--- Supplied data ---

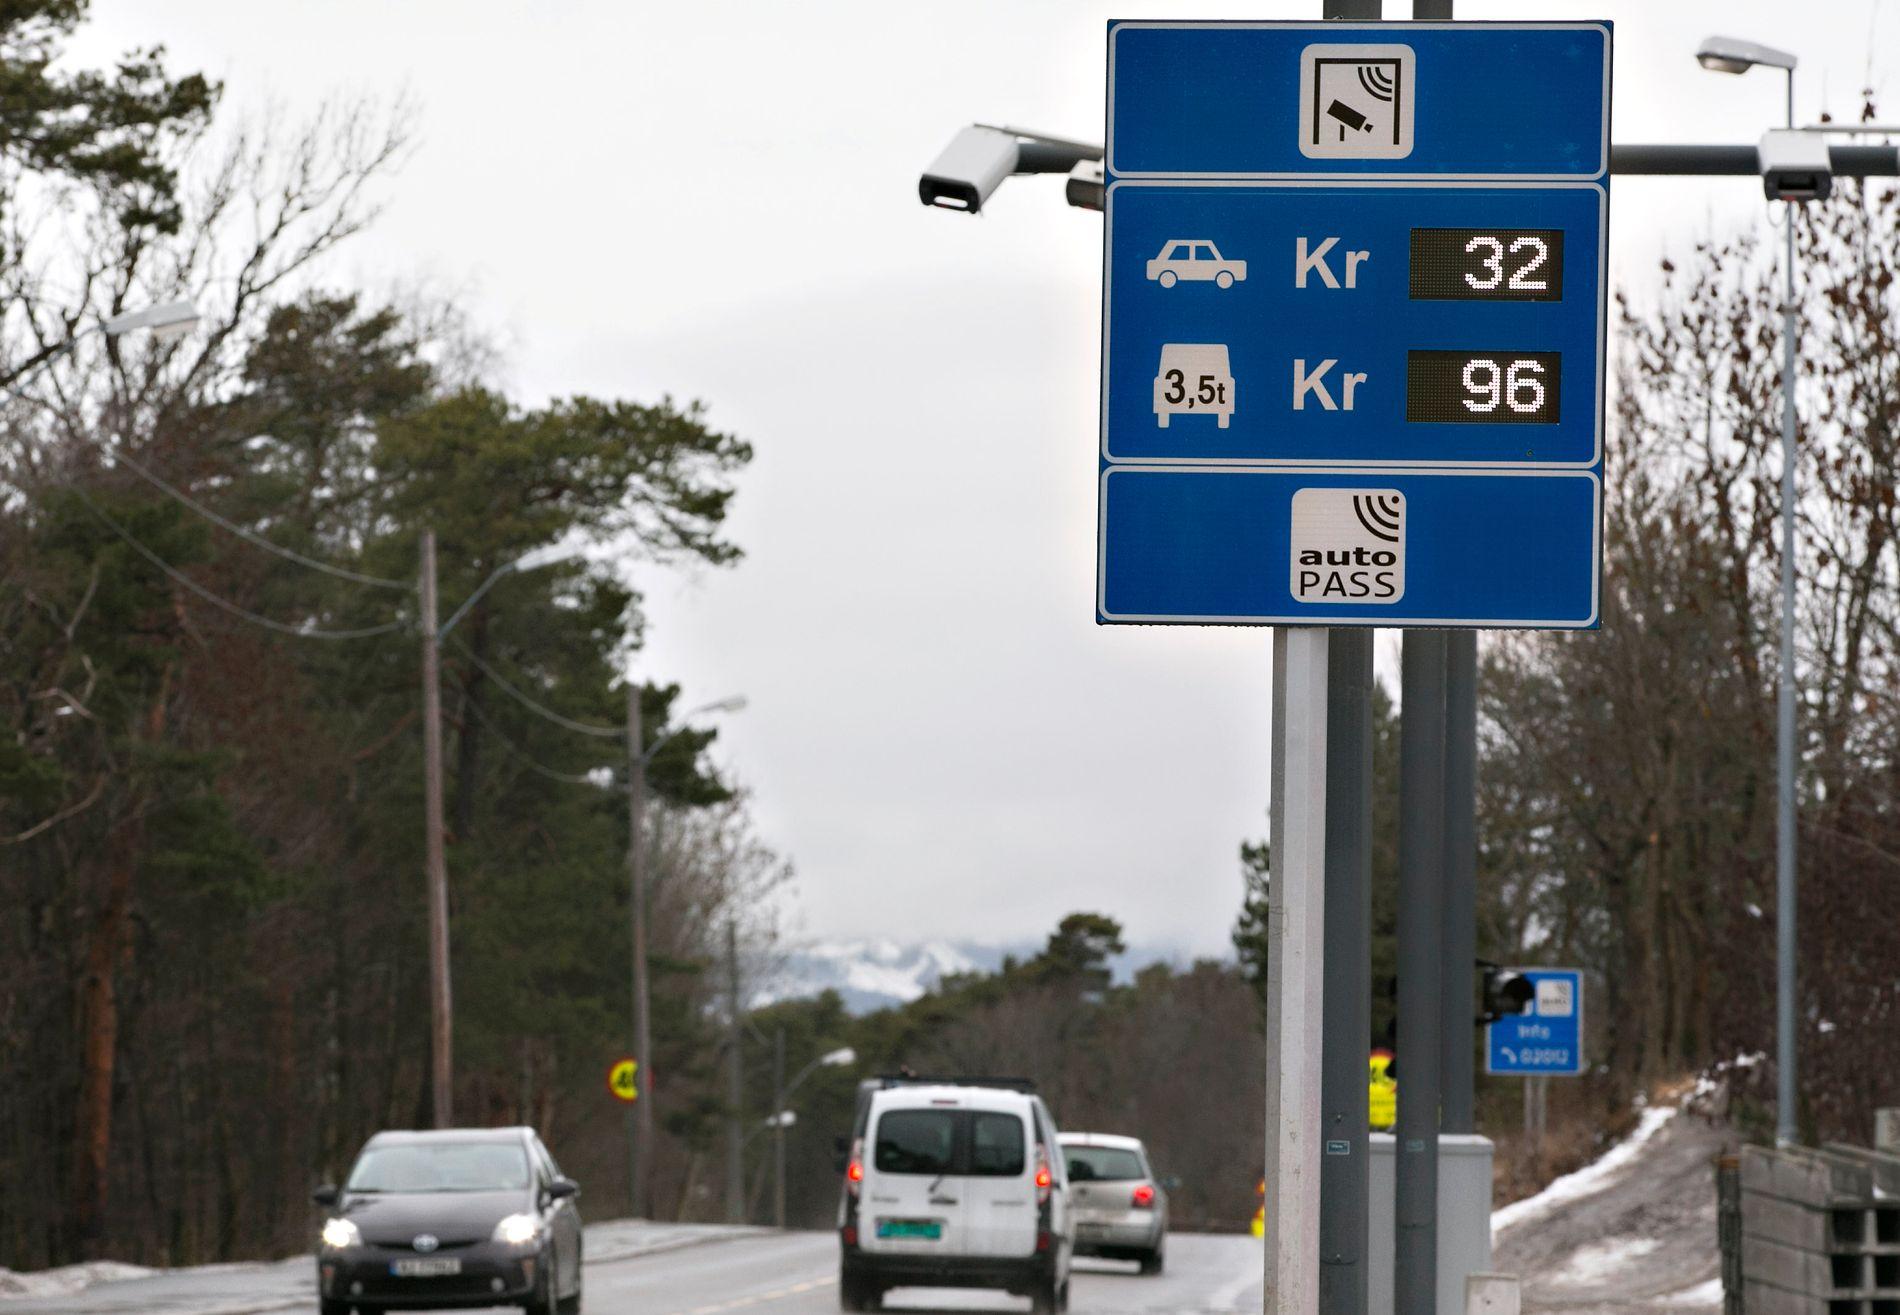 DAGENS SATSER: 32 kroner er dagens pris på en passering i bomringen i Oslo - uavhengig om det skjer i rushtiden eller på tider med mindre trafikk.
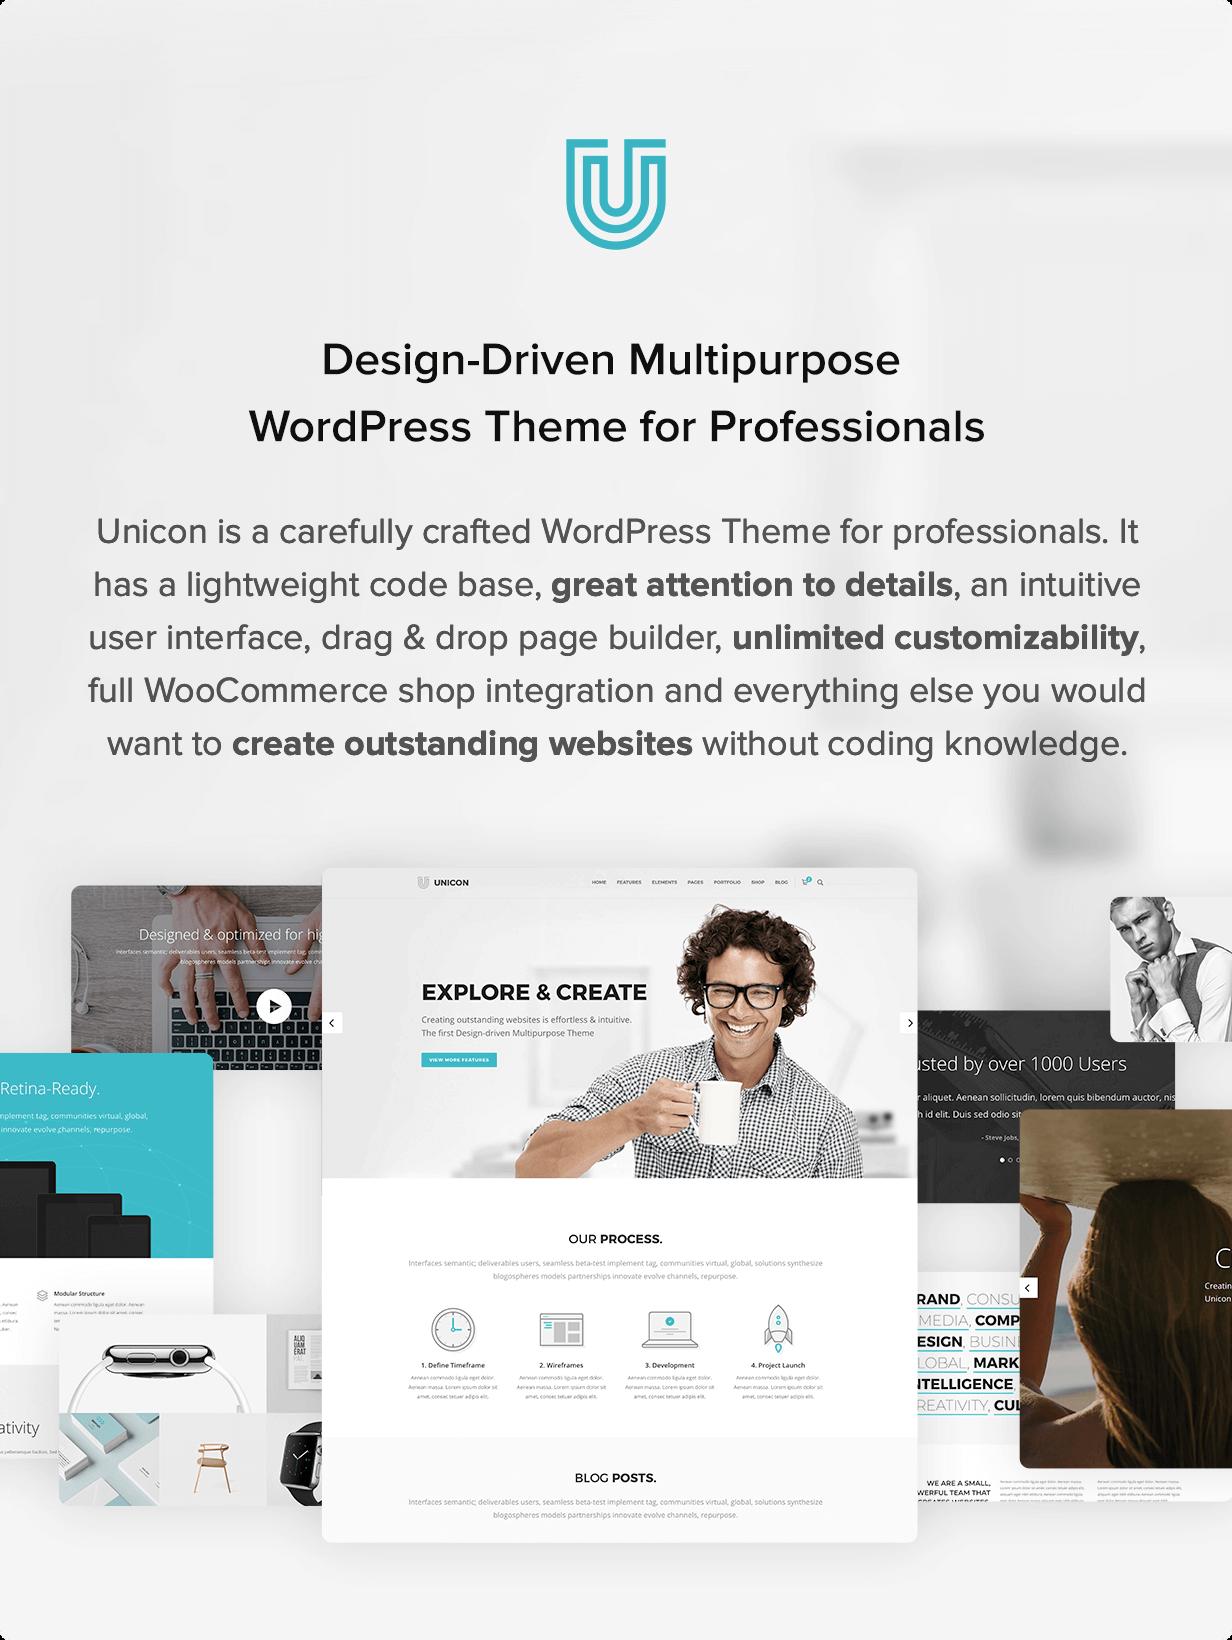 Unicon | Design-Driven Multipurpose Theme - 1
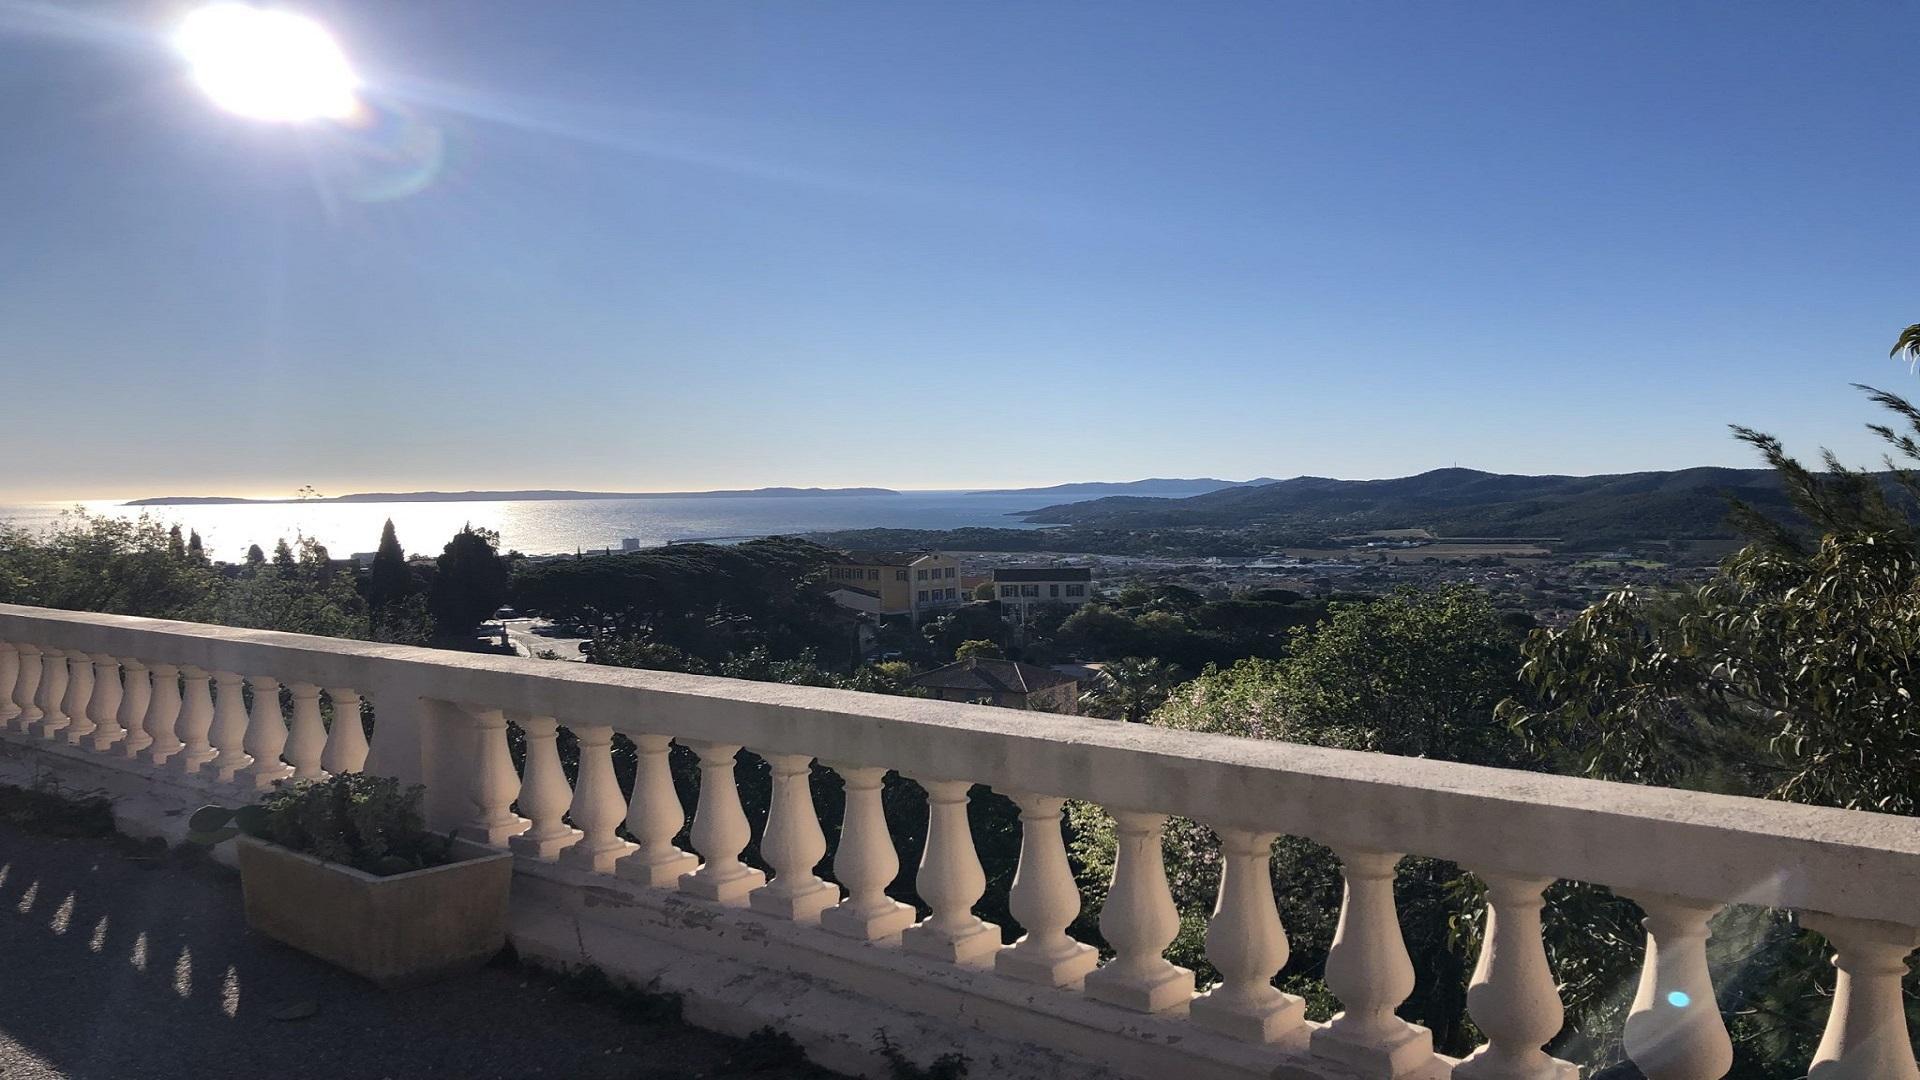 eden-rose-grand-hotel-bormes-les-mimosas-paca-cote-azur-vue-seminaire

---

* [What you will do] Copy the listing exactly. Leave the pictures out.

* [Solved problem]
 DAGENS SATSER: 32 kroner er dagens pris på en passering i bomringen i Oslo - uavhengig om det skjer i rushtiden eller på tider med mindre trafikk.
 Unicon | Design-Driven Multipurpose Theme - 1
 eden-rose-grand-hotel-bormes-les-mimosas-paca-cote-azur-vue-seminaire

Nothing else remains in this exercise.